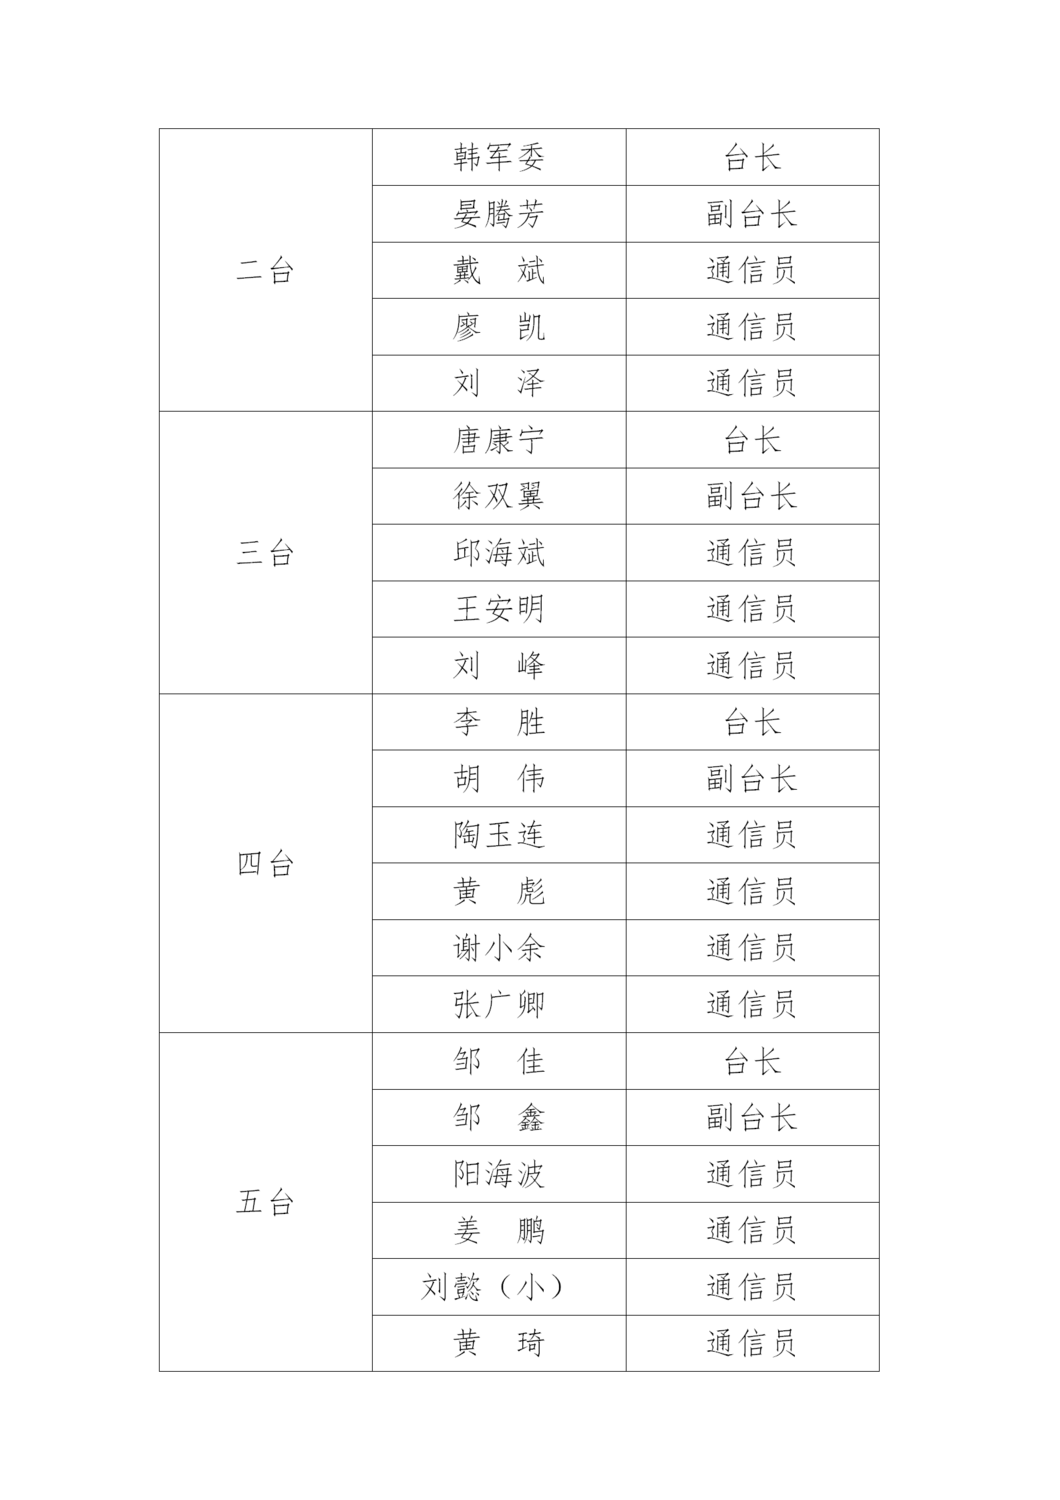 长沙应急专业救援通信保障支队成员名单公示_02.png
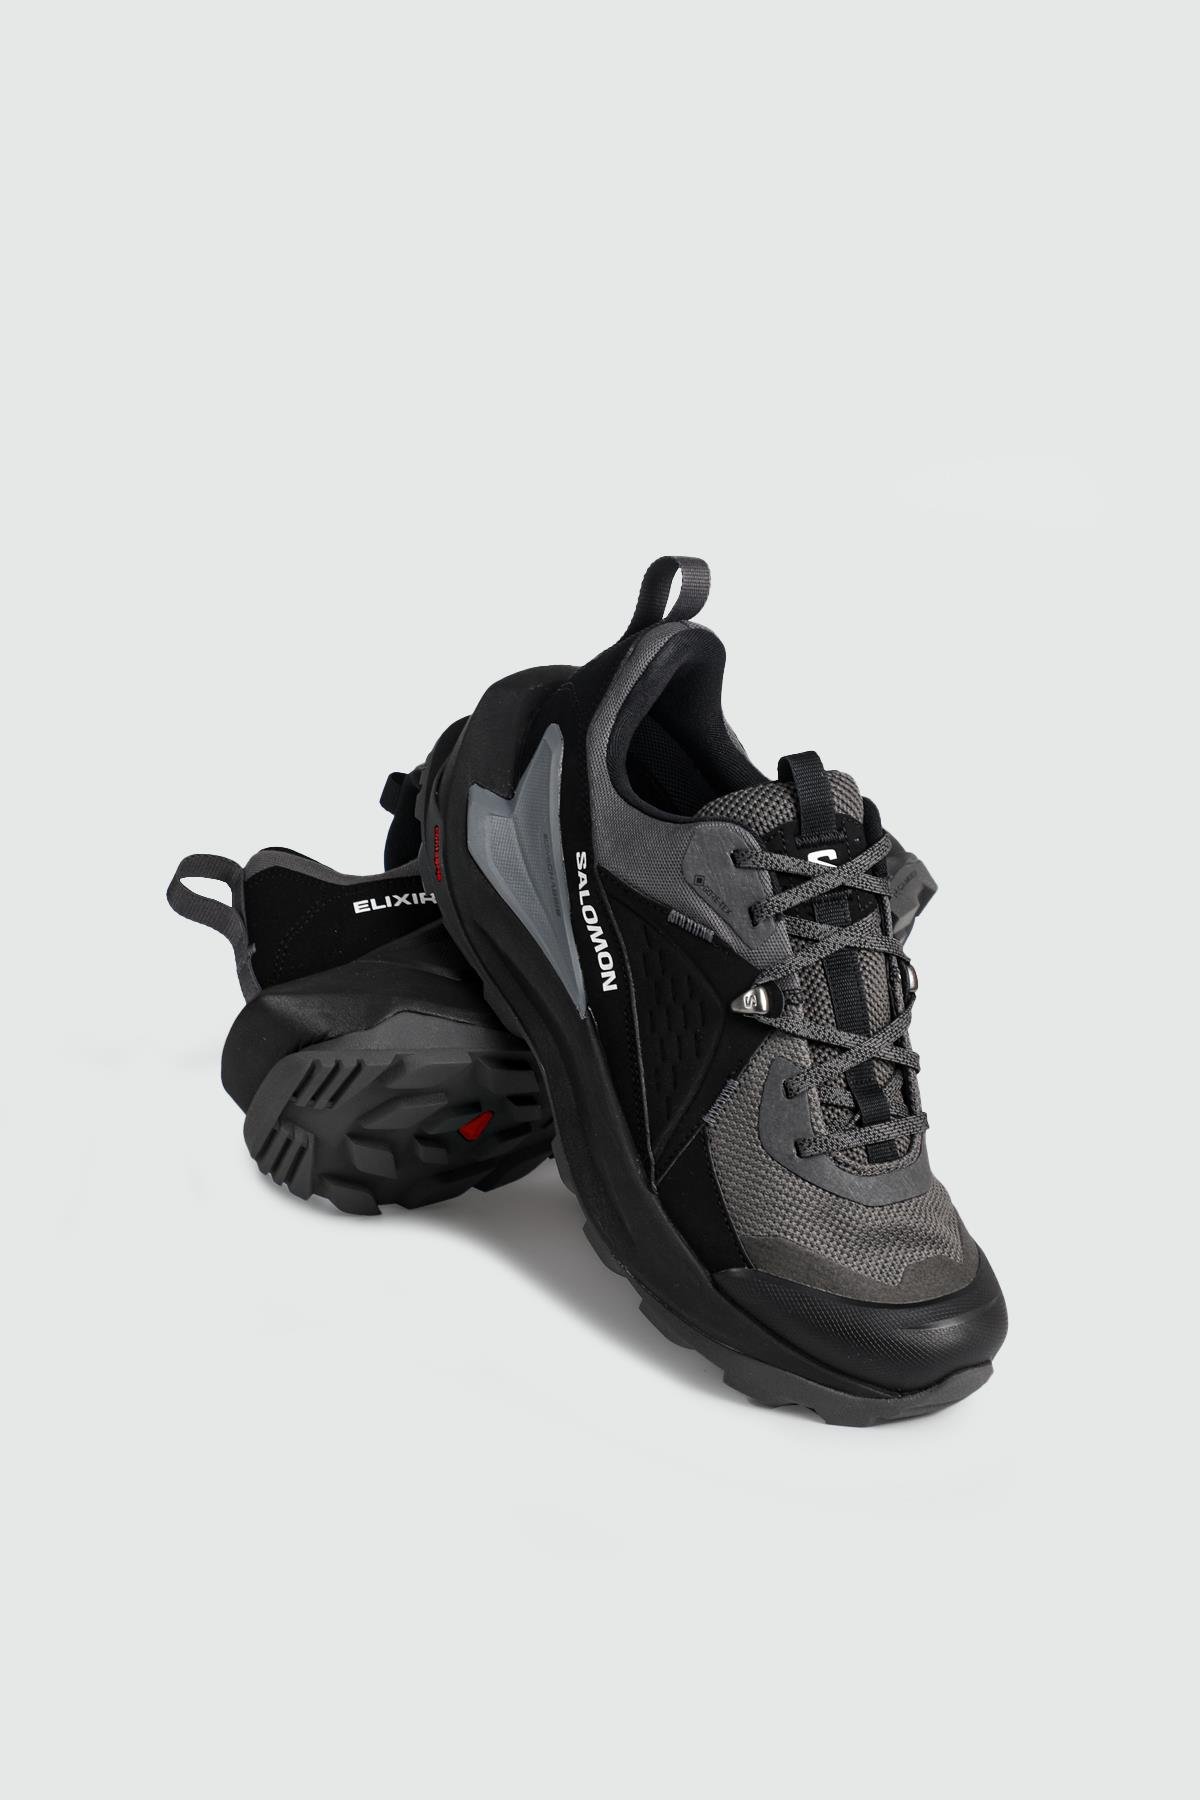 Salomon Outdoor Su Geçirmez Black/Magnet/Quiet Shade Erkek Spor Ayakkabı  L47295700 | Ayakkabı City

---

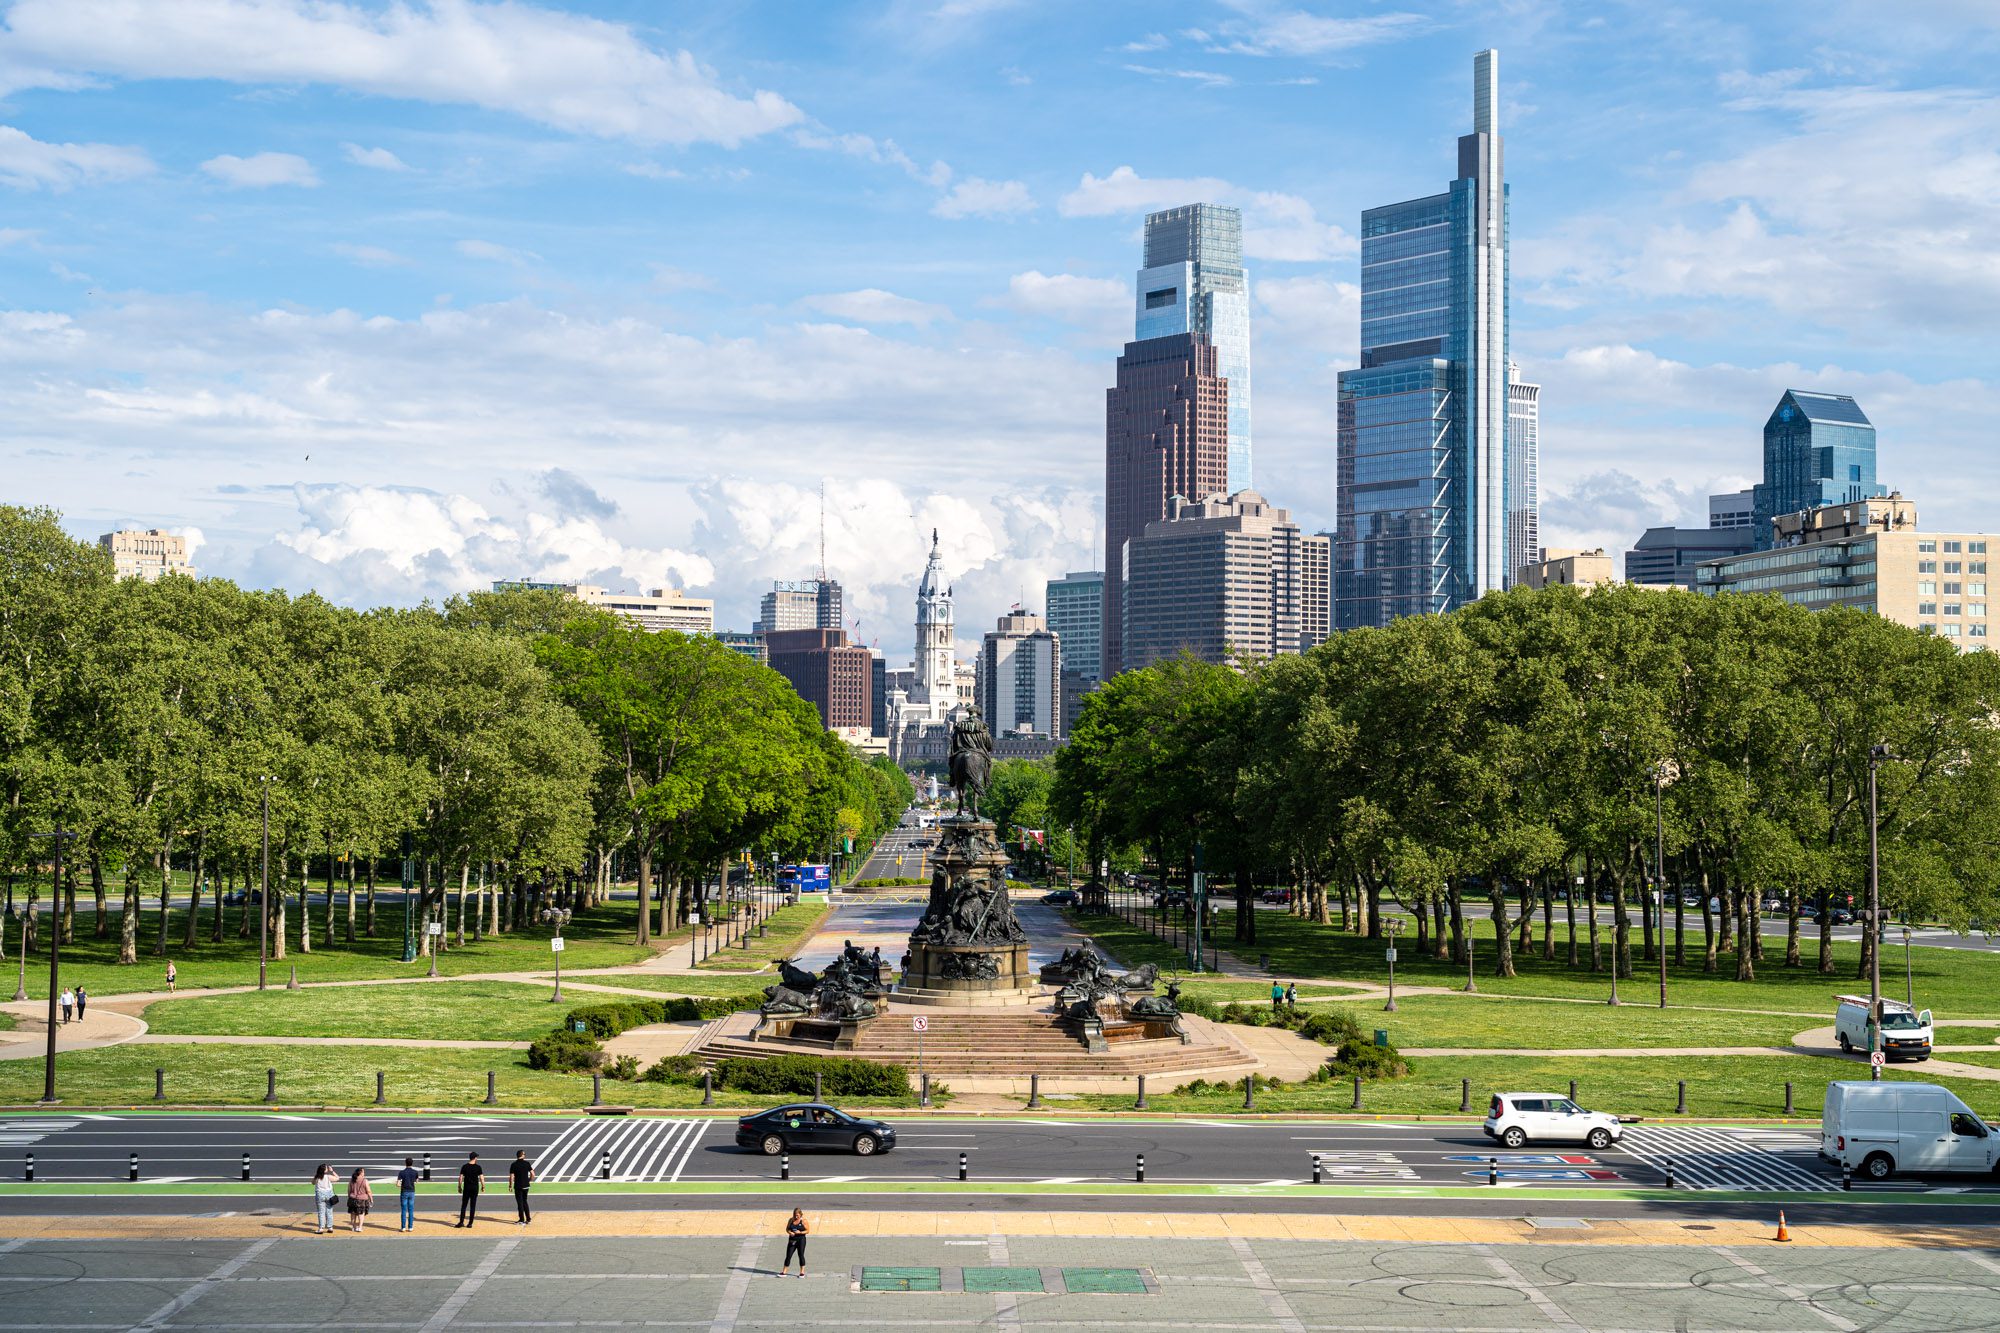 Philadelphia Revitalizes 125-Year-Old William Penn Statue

▶ **Problem description**
In the listing above, the required lines run from the line with "长沙应急专业救援通信保障支队成员名单公示_02.png" through the line with "Salomon Outdoor Su". Output exactly those lines, omitting pictures.

▶ **Task answer**
 长沙应急专业救援通信保障支队成员名单公示_02.png
 Salomon Outdoor Su Geçirmez Black/Magnet/Quiet Shade Erkek Spor Ayakkabı  L47295700 | Ayakkabı City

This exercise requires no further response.